The operating system was due on September 12

Sep 18, 2016 21:20 GMT  ·  By

FreeBSD's Glen Barber announced the other day that the third, and hopefully the last, Released Candidate (RC) build of the upcoming FreeBSD 11.0 operating system is now available for public testing.

On September 12, 2016, we were expecting to see the announcement for the final release of FreeBSD 11.0, but it didn't happen. Why? Most probably because of some last minute issues that proved to be a show stopper for the end user. Therefore, we're now getting yet another Release Candidate development milestone to test and report bugs.

"The third RC build of the 11.0-RELEASE release cycle is now available.
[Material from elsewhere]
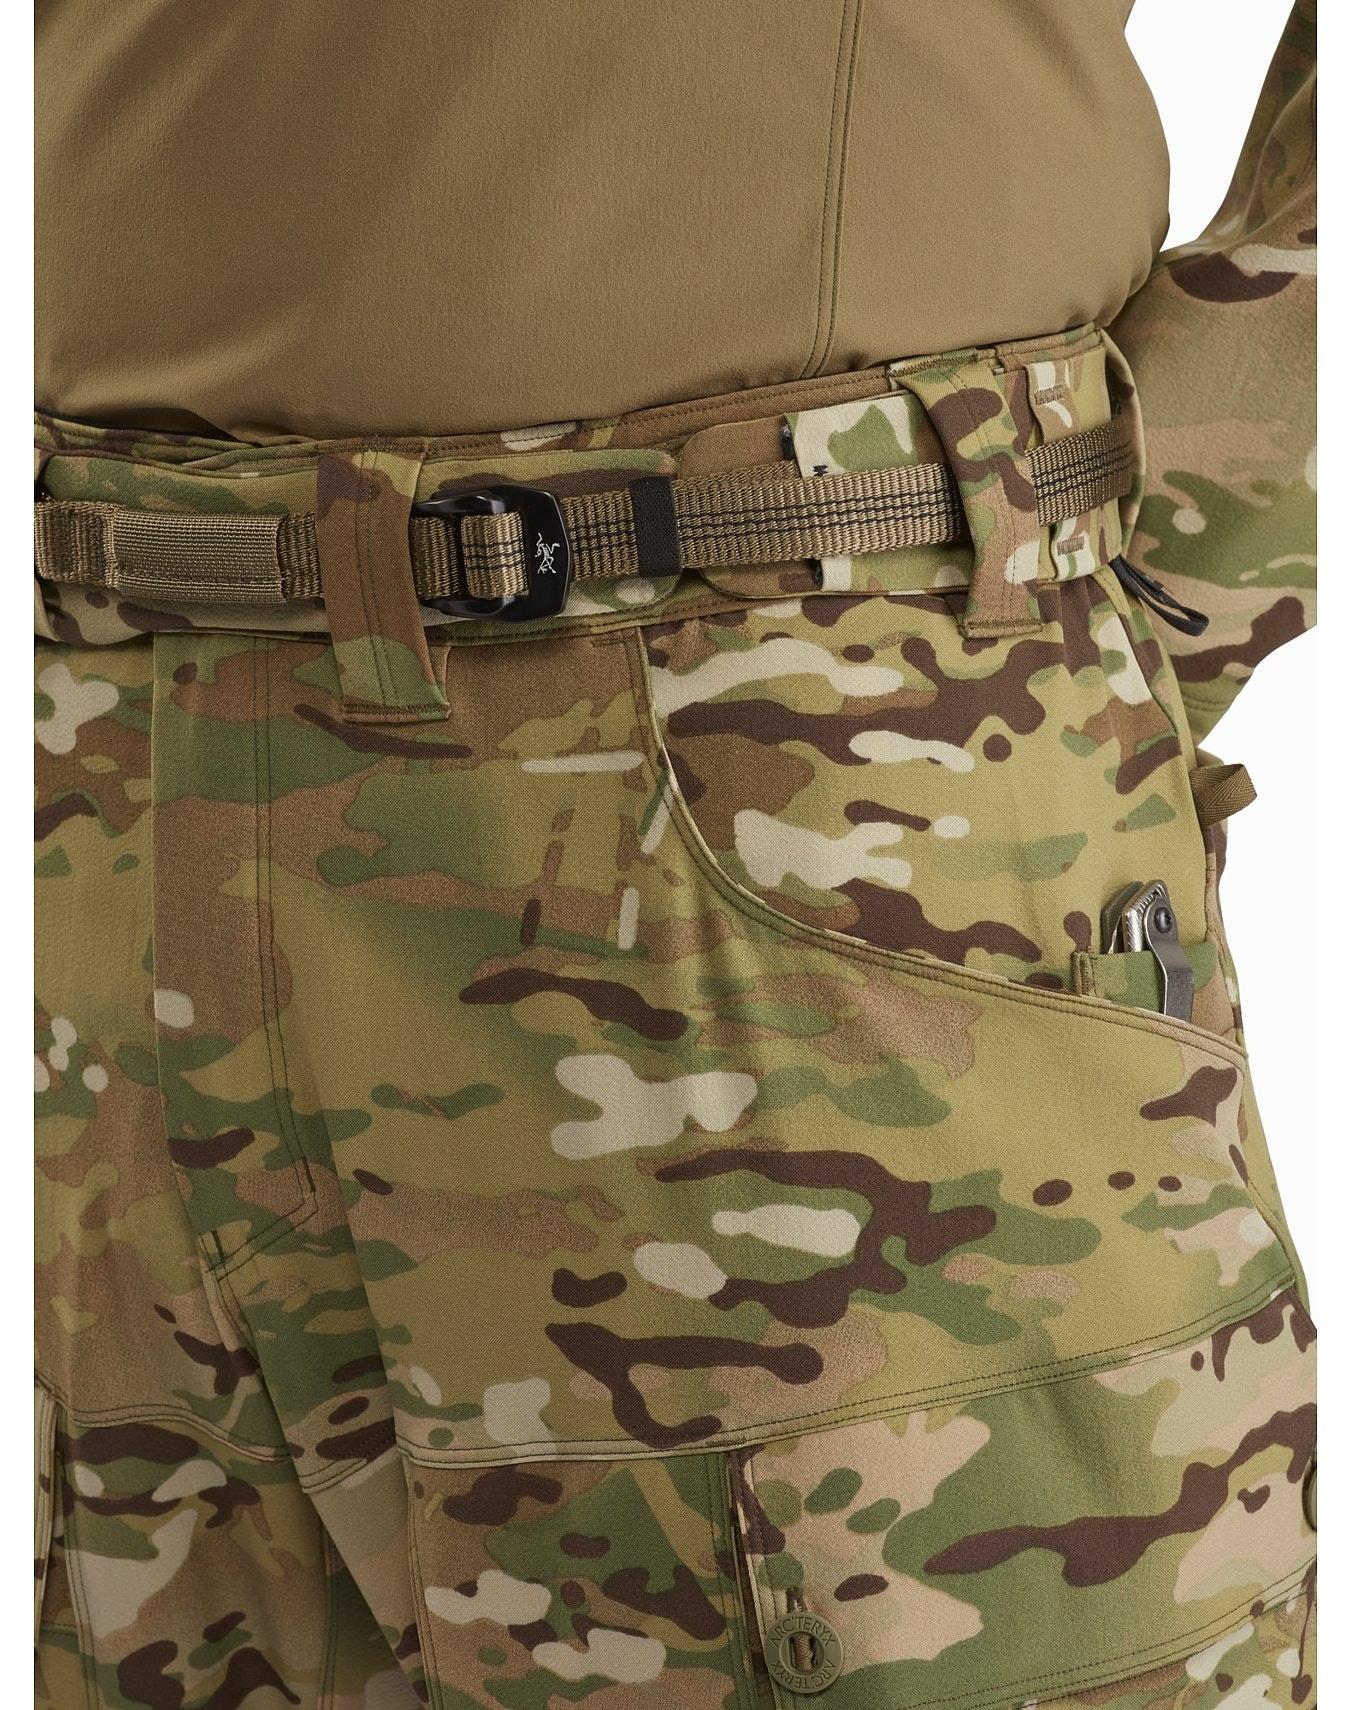 Arc'teryx LEAF Arc'teryx LEAF Assault Shirt SV Men's

If you notice problems you can report them through the Bugzilla PR system or on the -stable mailing list," says Glen Barber in the release announcement. "If you would like to use SVN to do a source based update of an existing system, use the 'releng/11.0' branch."
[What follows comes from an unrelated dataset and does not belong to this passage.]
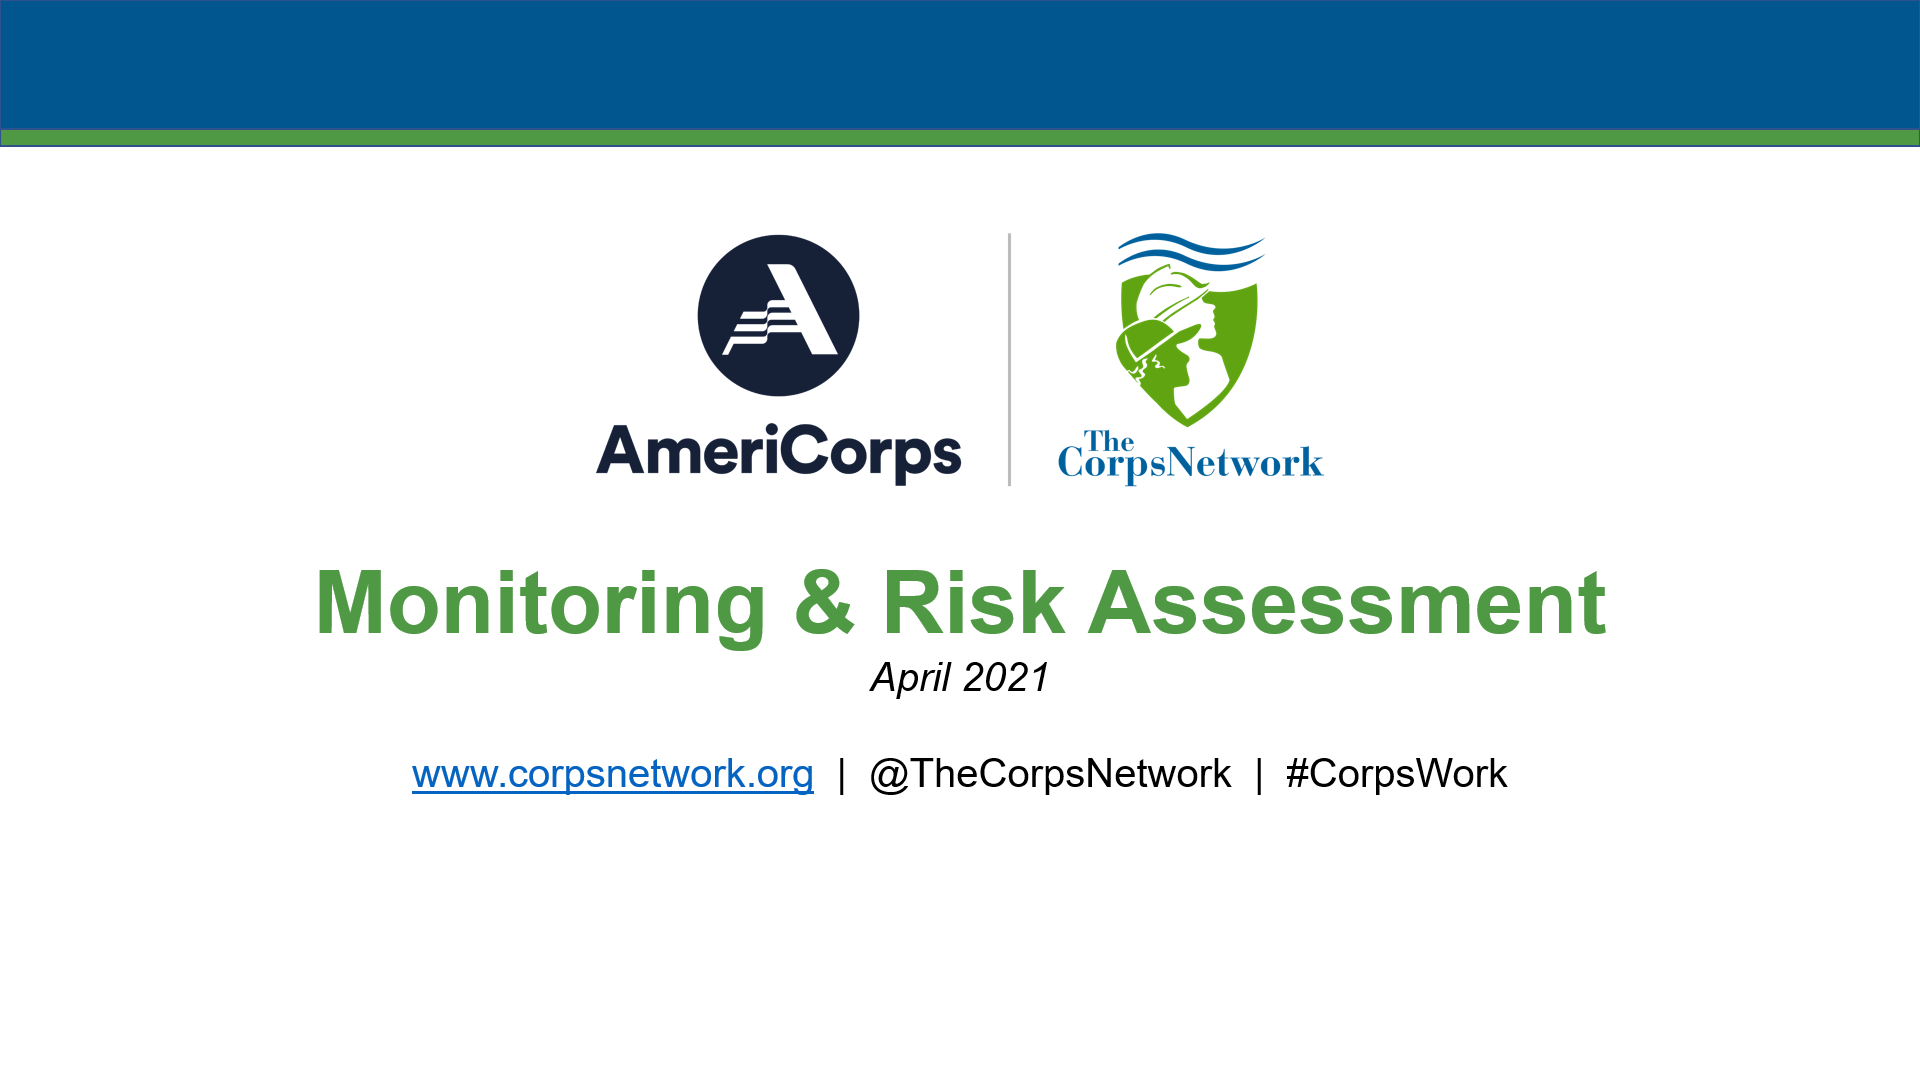 Monitoring & Risk Assessment

As for the changes included in FreeBSD 11.0 RC3, we can mention fixes for boot issues that affect PowerPC (PPC) systems, as well as booting from large disk drivers, a recent update to the libarchive library, along with the latest version of the cron utility. Moreover, there's a fix for an issue with ipfw's "set enable/disable" command.

Last but not least, FreeBSD 11.0 RC3 comes with the debugging options disabled by default for the AArch64 (ARM 64-bit) hardware architecture, which received a new kernel image to allow printing of warning messages whenever you're running the OS on pass 1.1 hardware. Enough chit-chat, go ahead and download FreeBSD 11.0 RC3 right now via our website and report any issues you might discover.